Steps 1-4: functional agent. Steps 5-7: production-ready. Steps 8-10: robust. Ship early, iterate.

Technical Specification

Implementation contracts and detailed requirements from production audit.

1. Loop Exit Conditions (13 total)

The agent loop must handle these exit conditions. MVP requires 1, 3, 4, 6, 8, 10. Production requires all 13.

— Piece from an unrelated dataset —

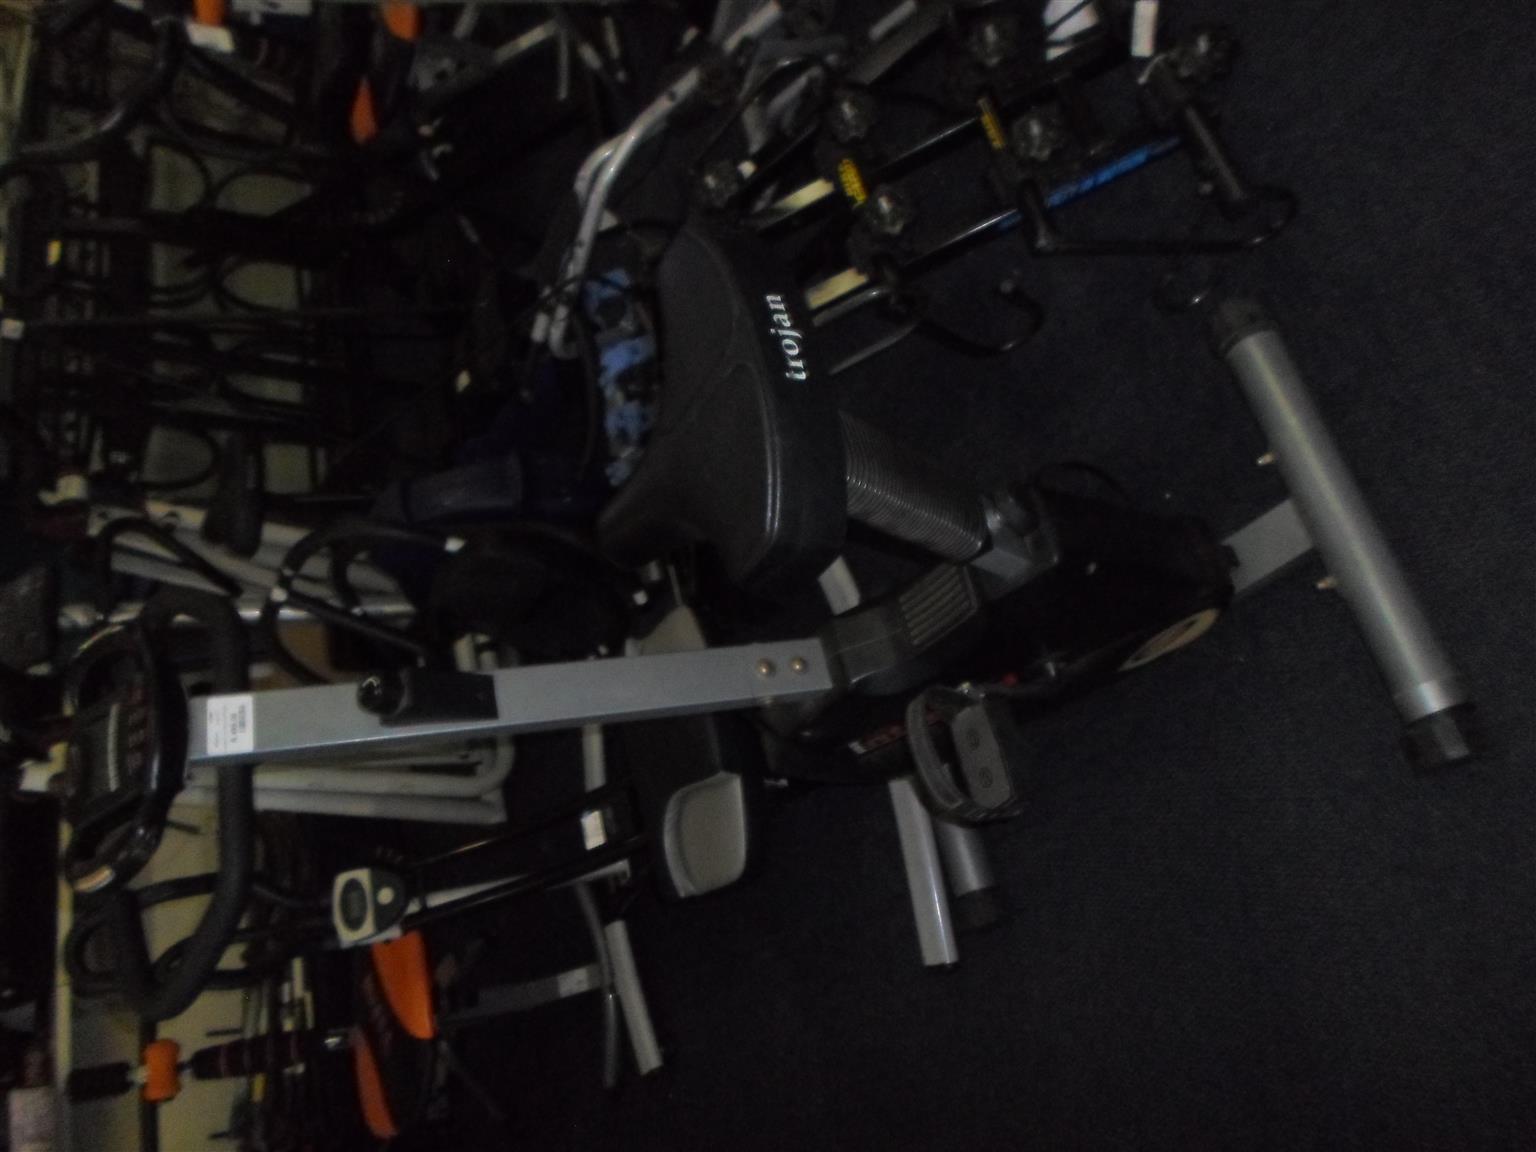 Trojan Interpid Exercise Bicycle

Terminal Exits (no recovery)

blocking_limit

Token count at blocking limit

completed

No tool_use blocks in response

aborted

User abort or signal abort

max_turns

Turn count exceeded

Recoverable Exits (continue loop)

model_fallback

Switch model, continue

reactive_compact

413 error, compact and retry

max_output_recovery

Output limit hit, recover up to 3x

2. Message Construction Pipeline

Messages go through 6 transformations before each API call. Order matters.

1. Strip before compact boundary

2. Apply tool result budget

3. Snip compact (old messages)

4. Microcompact (inline compression)

5. Context collapse projection

6. Auto-compact (summarization)

Critical

Tool result budget MUST run before compaction. Microcompact MUST run before auto-compact. Wrong order causes compaction self-PTL.

3. Error Recovery Cascade

Each error type has a specific recovery path.

413 (Prompt Too Long)

Step 1

Context collapse drain → retry

Step 2

Reactive compact (strip media) → retry once

Step 3

Surface error → return prompt_too_long

Max Output Tokens

Step 1

Escalate to 64k (once)

Step 2

Inject recovery message → retry (up to 3x)

Step 3

Surface error

529 (Overloaded)

Step 1

Exponential backoff (up to 3x)

Step 2

Switch to fallback model

4. Tool Interface (30+ methods)

Minimum viable subset for rebuild (7 required methods).

Required

name - Tool identity
inputSchema - Zod validation
call() - Execution logic
checkPermissions() - Permission gate
validateInput() - Pre-permission validation
prompt() - System prompt description
mapToolResultToToolResultBlockParam() - Result serialization

Optional

backfillObservableInput() - Input normalization
toAutoClassifierInput() - Auto-mode classification
All render*() methods - UI only (stub for headless)

Critical

Without validateInput(), stale file edits cause data corruption. Without isConcurrencySafe(), streaming executor deadlocks.

5. Four-Layer Permission Architecture

Defense in depth. Each layer can deny independently.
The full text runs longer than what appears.